Иванов приуныл. Он выпил еще пива. Пена уже осела и померкла. Да и солнце поблекло. Огненный шар пошел на посадку. Морская сползала в тень, время съезжало к полднику.

– И что… – заговорил он с меньшим раздражением, – он ее расчленит?

Вместо ответа я отодвинула бумажную тарелку с последней котлетой на дальний край стола.

– Фух, – я уронила голову на руки. – Больше не могу. Все. Спасибо.

– Ну, лишит он ее девственности, ну и что?

Я вспыхнула. Я-то знала, что даже самый яростный и лаконичный, прямо-таки по-шампански брызжущий свежей кровью прорыв тореадора через плеву был бы для Оли Назаровой куда менее чреват в сравнении с месивом, предлагаемым Строковым под видом секса.

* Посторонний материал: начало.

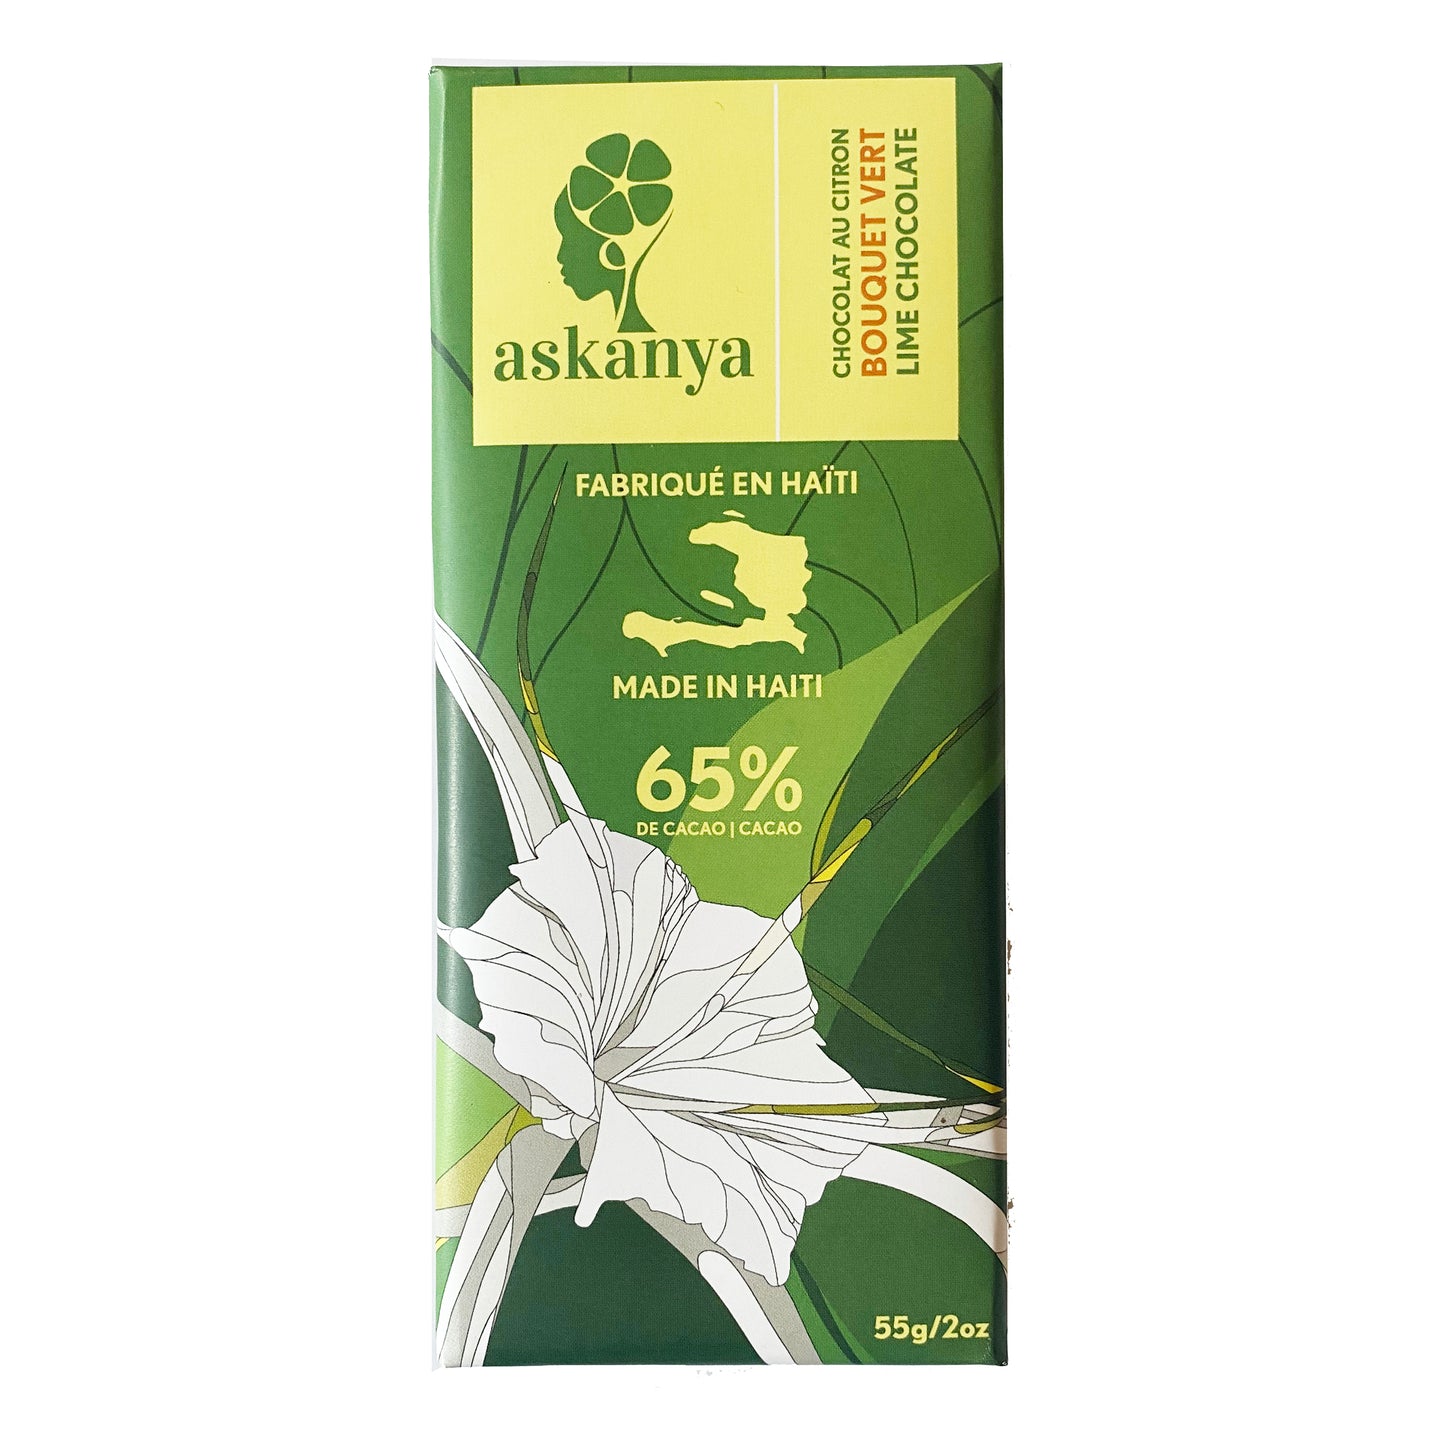 Green packaging with white lily (Haitian flower). Sticker with company logo (Askanya) and chocolate flavor information - Lime Chocolate  called "Bouquet Vert". Packaging also shows Haiti country map and cacao percentage of chocolate bar: 65%. Chocolate bar is 55g or 2oz.

– Что? Таня? Ты что-то знаешь?.. В чем дело?

В ту же секунду мне пришло в голову простое соображение: Иванов понятия не имел о том, что не все мужчины умеют и могут заниматься любовью.

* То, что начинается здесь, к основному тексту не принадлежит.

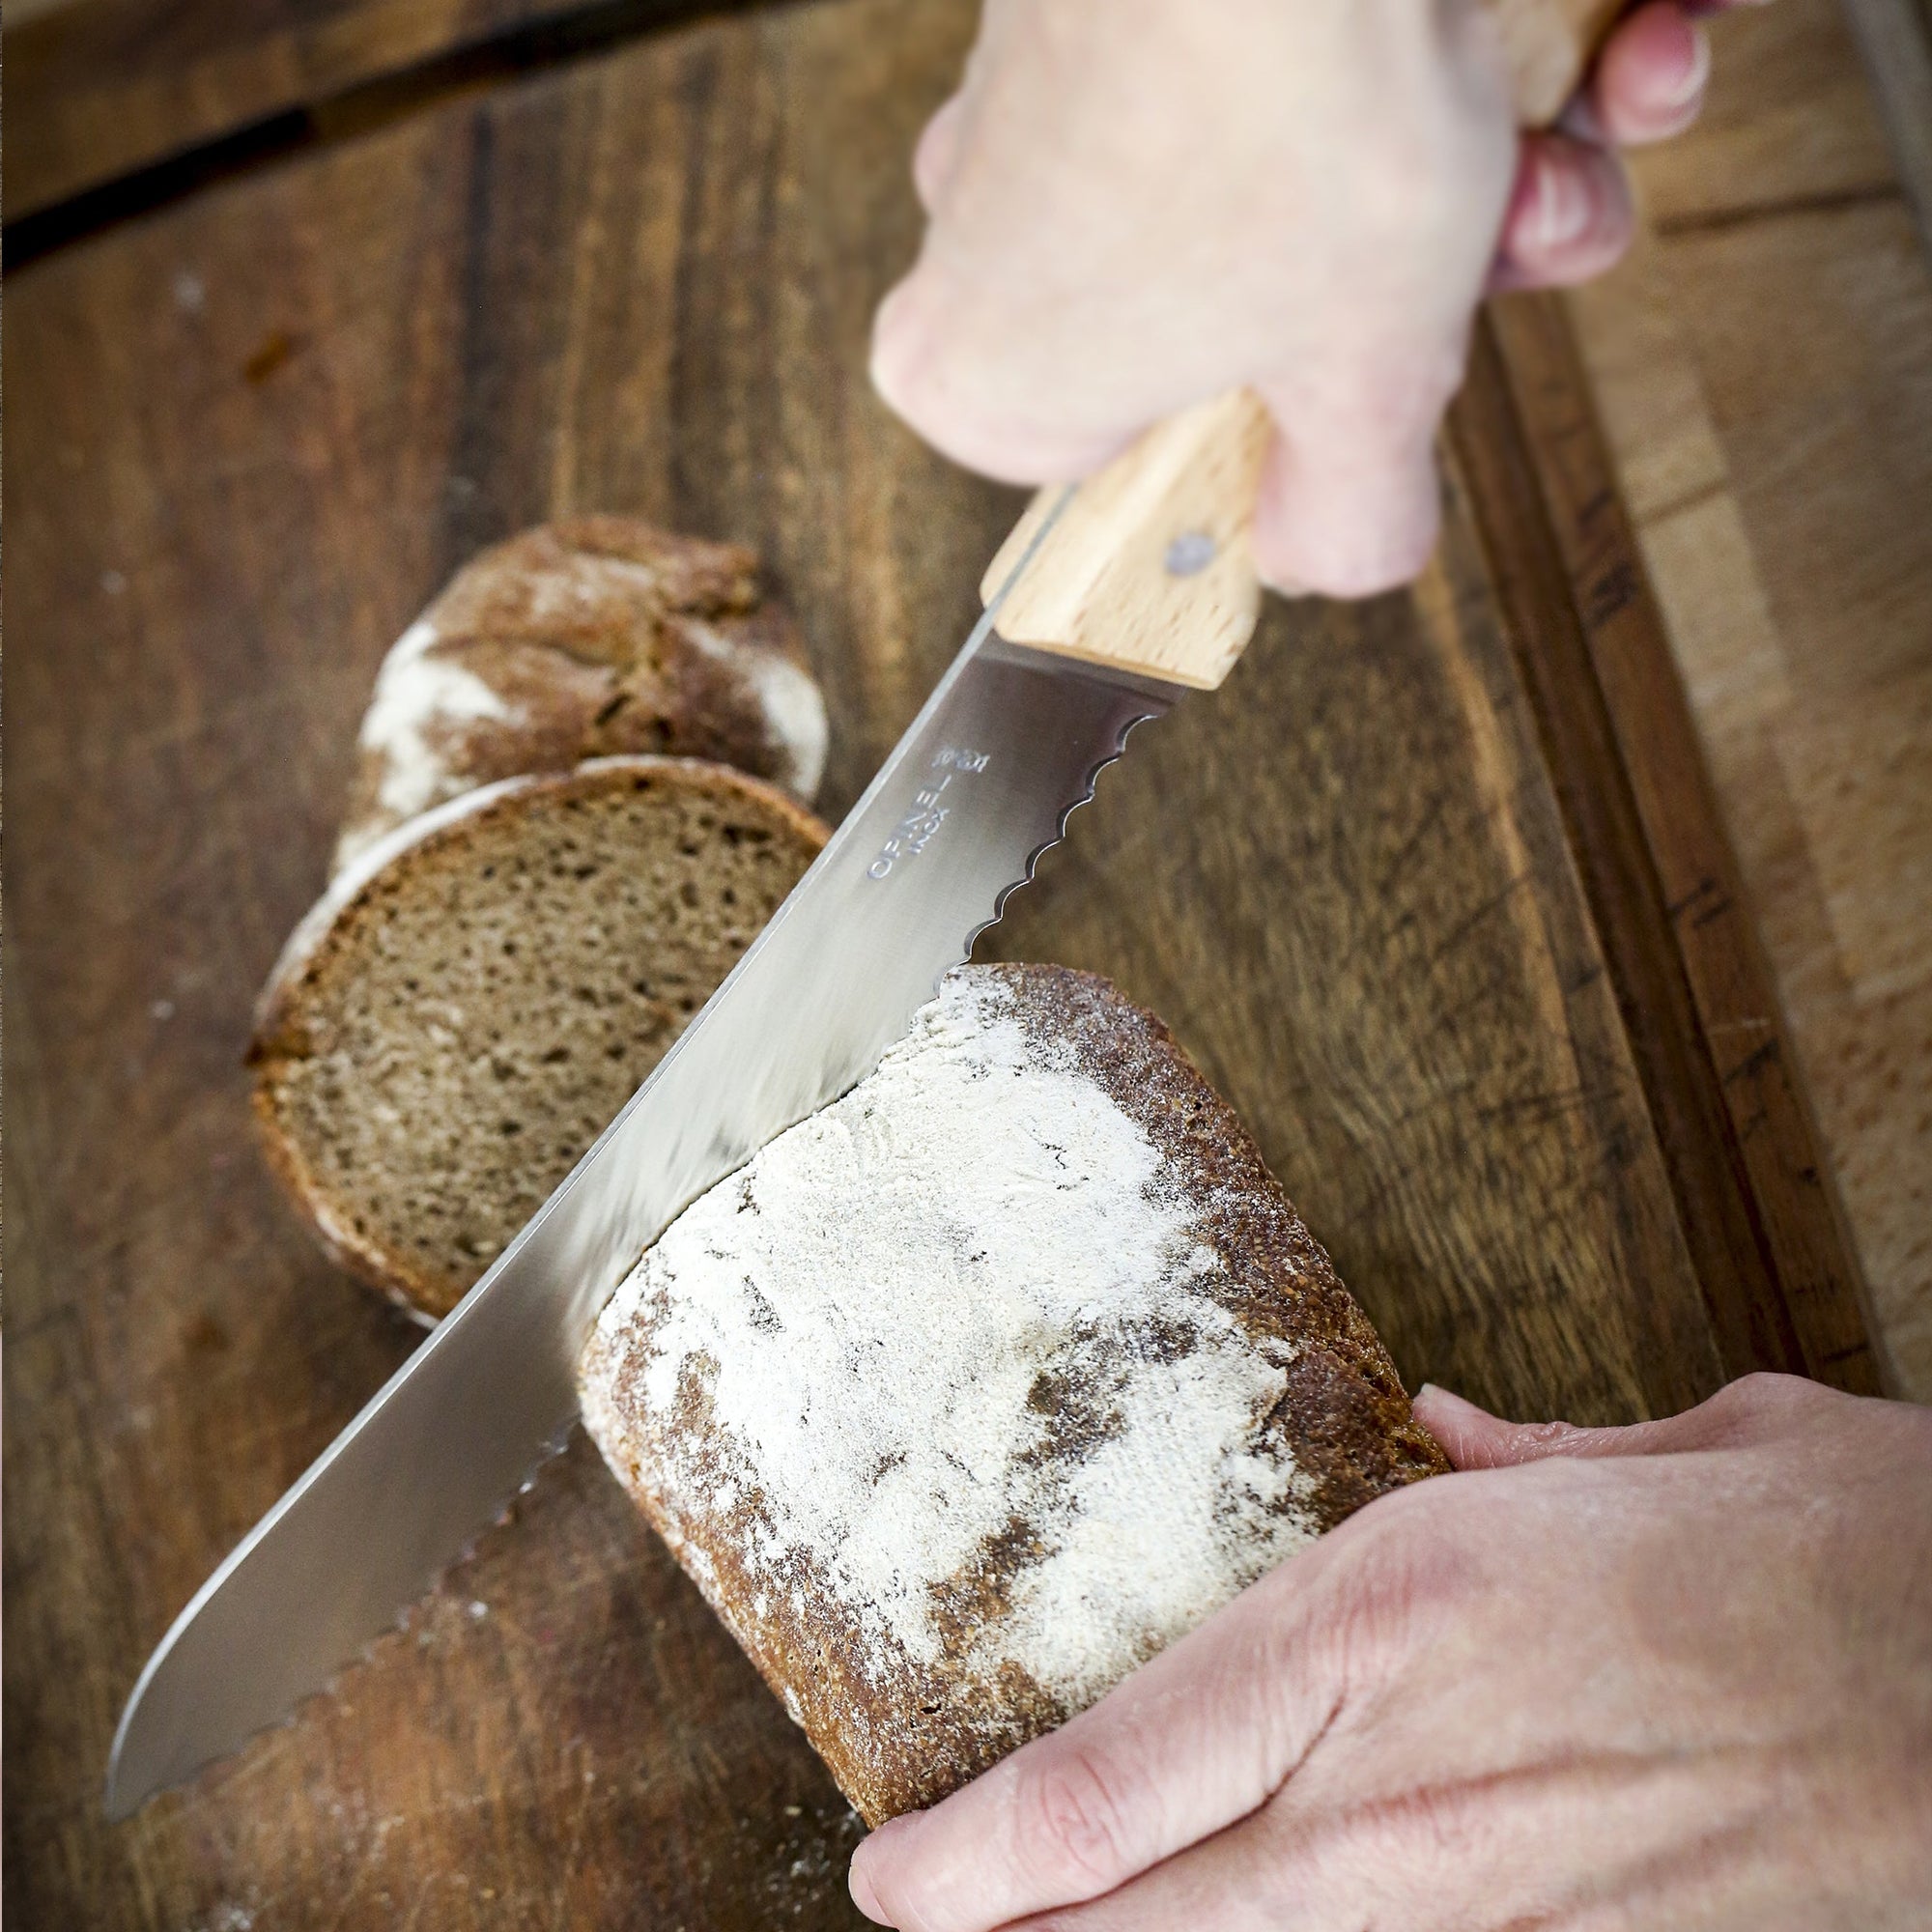 Best bread cutting boards - The Bread She Bakes

– Тебя что-то конкретное смущает в связи с этой девочкой?

– Нет-нет-нет, – я замотала головой.

– Ладно, – сказал Иванов, отрываясь от спинки стула. – Я что-нибудь придумаю.

Он улыбнулся.

– Теперь в Эрмитаж.

Я не могла поверить, но это проступило ясно, как свет: оставшуюся долю дня Иванов отдает мне.

В двенадцатом часу мы спустились под землю. Иванов взялся меня провожать. Мы могли поймать такси – Иванов был явно взволнован тем, что опаздывает домой, но почему-то решили прокатиться в метро. Там оказалось пусто, с нами в вагоне ехало не более десяти человек.

После тридцати мое сердце, как если бы некогда забытый в родильном доме ребенок, явилось ко мне и сказало: ты бросила меня, ты меня уничтожила, а теперь я тут, в тебе, теперь я, зарубцевавшаяся рвань, буду твоей обузой до конца твоих дней, ты будешь жрать и отхаркивать мой страх и мое дерьмо, пока не умрешь или пока я не умру вместе с тобой. Но тогда, в двадцать лет, молодое сердце ходило легко, как новенький, хорошо промасленный механизм, как будто оно качало тогда не кровь, а чистую невесомость – я не чувствовала его, никогда не говорила с ним, не знала его судорог, не слышала от него криков – оно позволяло мне жить так, будто бы я была совершенно одна: беспечно. В тот же невероятный вечер с Ивановым сердце вообще исчезло. Лопнуло, как мыльный пузырь. А оставшееся пустым место сплошь заполнилось чувством. Грандиозным. Ничего общего с поросячьей радостью, «женским» счастьем, влюбленностью – нет. Это было чувство точного попадания в такт после изматывающего блуда в пространстве, лишенном темпа. Безусловно, в самой природе женщины заложена необходимость быть рядом с таким мужчиной, как Иванов. Поэтому в приближении к нему я чувствовала приближение к себе – к тому замыслу, которым озадачивался Творец, а следовательно, и к самому Творцу. Встреча с мужчиной – не с человеком, наделенным соответствующими половыми признаками, а именно с мужчиной – большое чудо в жизни женщины. Тогда я осознавала развертывание чуда перед собою. Я даже точно помню, что про себя именно так характеризовала происходящее. Слово «чудо» определенно вертелось в голове. Каждая минута неприступного мира раскрывалась и давала себя потрогать, время позволяло залезть в него целиком, как в воду, и нащупывать в море краски Понтормо, утираться алым платьем Мадонны, находить под шерстяным джемпером твердые мышцы и слышать голос живого Бога. Поэтому мне и в голову не приходило претендовать на нечто большее. Я понимала, что мы никогда не станем любовниками. Я отдавала себе отчет в том, что эта встреча может оказаться последней. Никаких надежд, никакой боли. Я довольствовалась тем, что происходило. Не имея в ту пору еще навыка формулировать тексты предполагаемых посланий, интуитивно я угадывала смысл: в этой встрече Господь ободрял меня, говоря: мужчины существуют, жди, не сдавайся, верь.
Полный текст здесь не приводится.